The American “liberators” of Libya got their comeuppance when their consulate in Benghazi was attacked by the beneficiaries of American incursions into Libya, killing the Ambassador and three other Americans.  Thus, American interventionism in Libya backfired, as it does virtually everywhere.

 

American hypocrisy     

Nevertheless, the United States is sounding the drums of war again and is preparing for the bombardment of Syria. This time, the excuse is that the Syrian government used chemical weapons against its own people.  The United States, the world’s self-appointed policeman, has declared itself the saviour of the Syrian people.  This salvation is to be achieved in classically American fashion: by bombing and destroying Syria.

The Americans are hardly honest-brokers in Syria.  They have been covertly supplying arms to the Syrian opposition for some time now.  Assad’s overthrow has been a much sought-after American geopolitical interest in the Middle East, as a counter against the rising influence of Iran.  Thus, the United States pretends to be the supporter of democratic reform in the region, while its allies include the despotic dictatorships of Jordan, Qatar and Saudi Arabia.

American grandstanding about the use of chemical weapons is hypocritical.  American use of napalm in Vietnam is immortalized in Francis Ford Coppola’s “Apocalypse Now” (1979); where Lieutenant Colonel Bill Kilgore says: “I love the smell of napalm in the morning.”  The most vivid picture of the Vietnamese war is of a naked little child running away from her burning body after U.S. soldiers used napalm.  It is no longer contested by American sources that in 2004, the United States used chemical weapons (napalm and phosphorous bombs) against Iraqi soldiers in Falluja.

It is not inconceivable that the chemical weapons used in Damascus were fired by American-backed Syrian rebels in the bid to trigger U.S. intervention.  Before the latest kerfuffle, Turkish media had reported that chemical weapons (specifically the nerve agent Sarin) were found in their possession in Southern Turkey.  These rebels include the Al-Qaeda and other extremists.  In short, the Americans are blundering yet again; providing weapons to those who will later use them against American interests. 

U.S. policy-makers argue that a strike against Syria will provide a warning to Iran that its nuclear weapons program will not be tolerated.  However, the United States is powerless to prevent Iran from acquiring nuclear weapons.  In any case, the United States is the only country in the world that has used nuclear power irresponsibly.  The Americans dropped two nuclear bombs on Japan in 1945, resulting in 220,000 gruesome deaths.  That action was not needed to defeat Japan.  U.S. General Eisenhower admitted in writing that: “Japan was already defeated and dropping the bomb was completely unnecessary.” 

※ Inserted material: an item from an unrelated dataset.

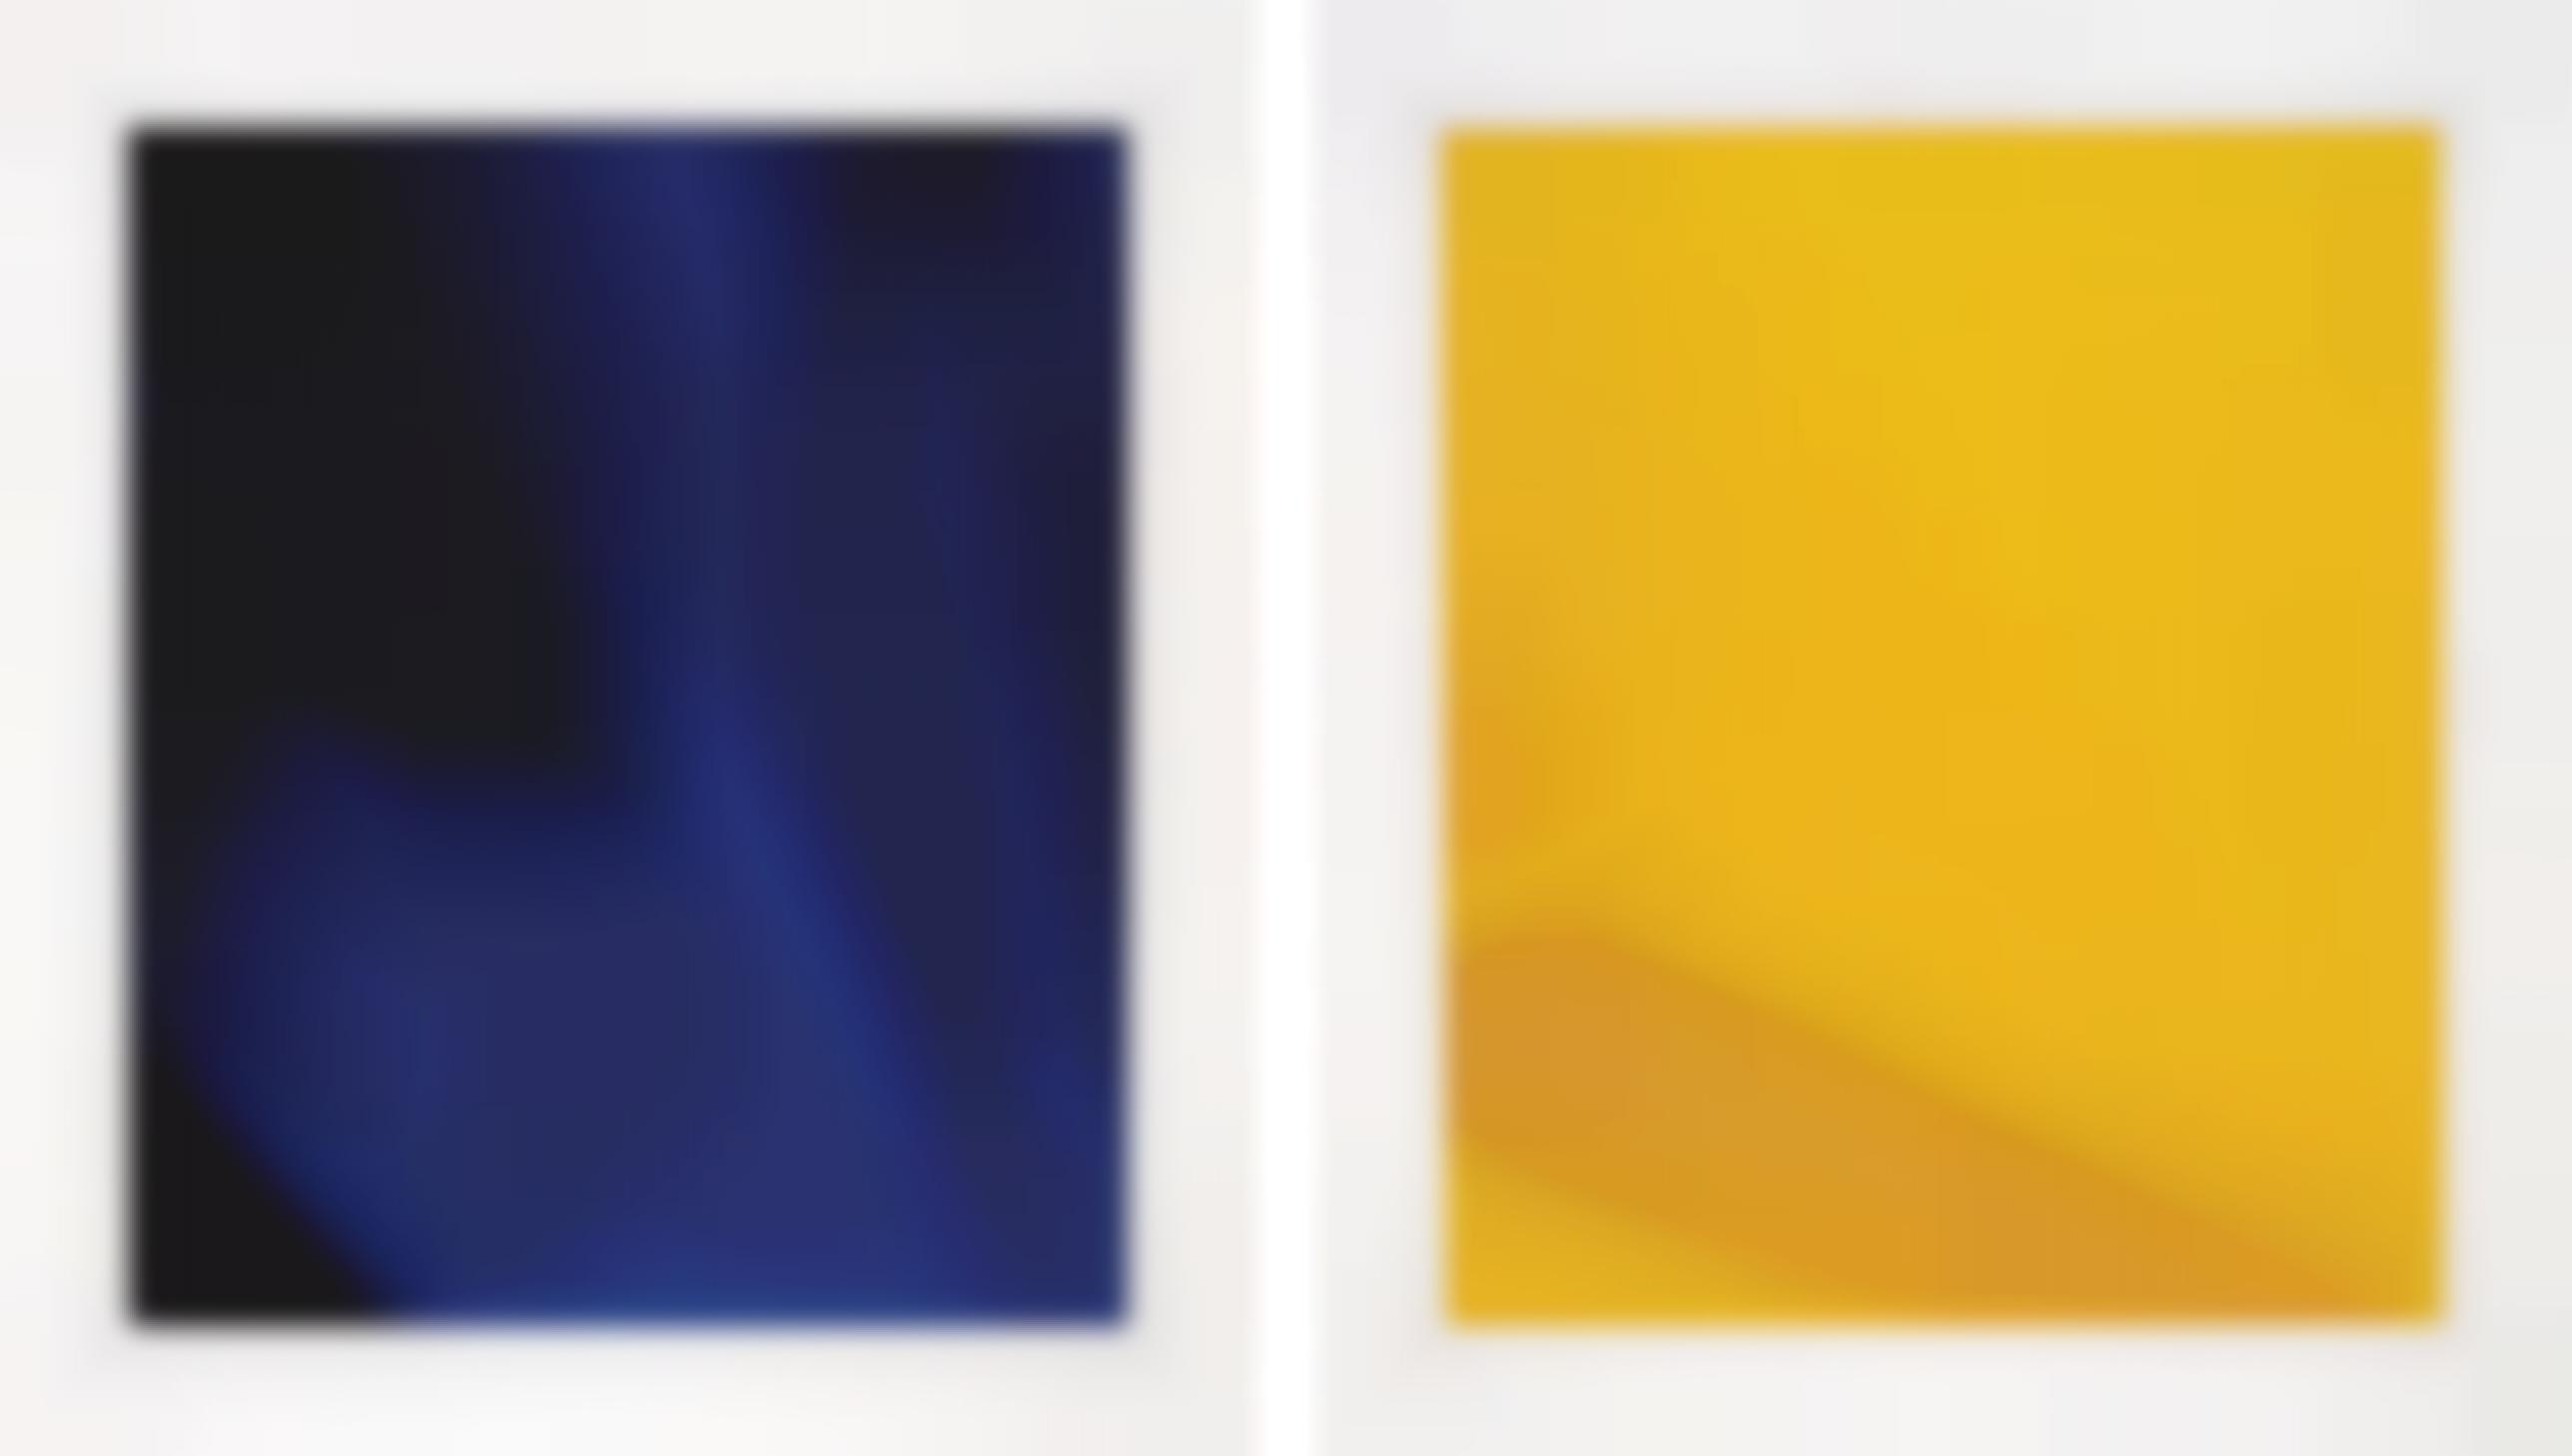 James Welling-Two Works: (i) Degrade Indv; (ii) Degrade Icyv-2003

American bombs will serve no useful purpose in Syria.  There will be civilian casualties as the bombs land in unintended areas.  The Russians have already promised to replace any Syrian military assets the Americans destroy.  Stockpiles of chemical weapons are too dangerous to destroy from the air.  It would appear, yet again, that the Americans are intent on embarking upon a foolhardy venture that can only lead to the escalation of the Syrian conflict.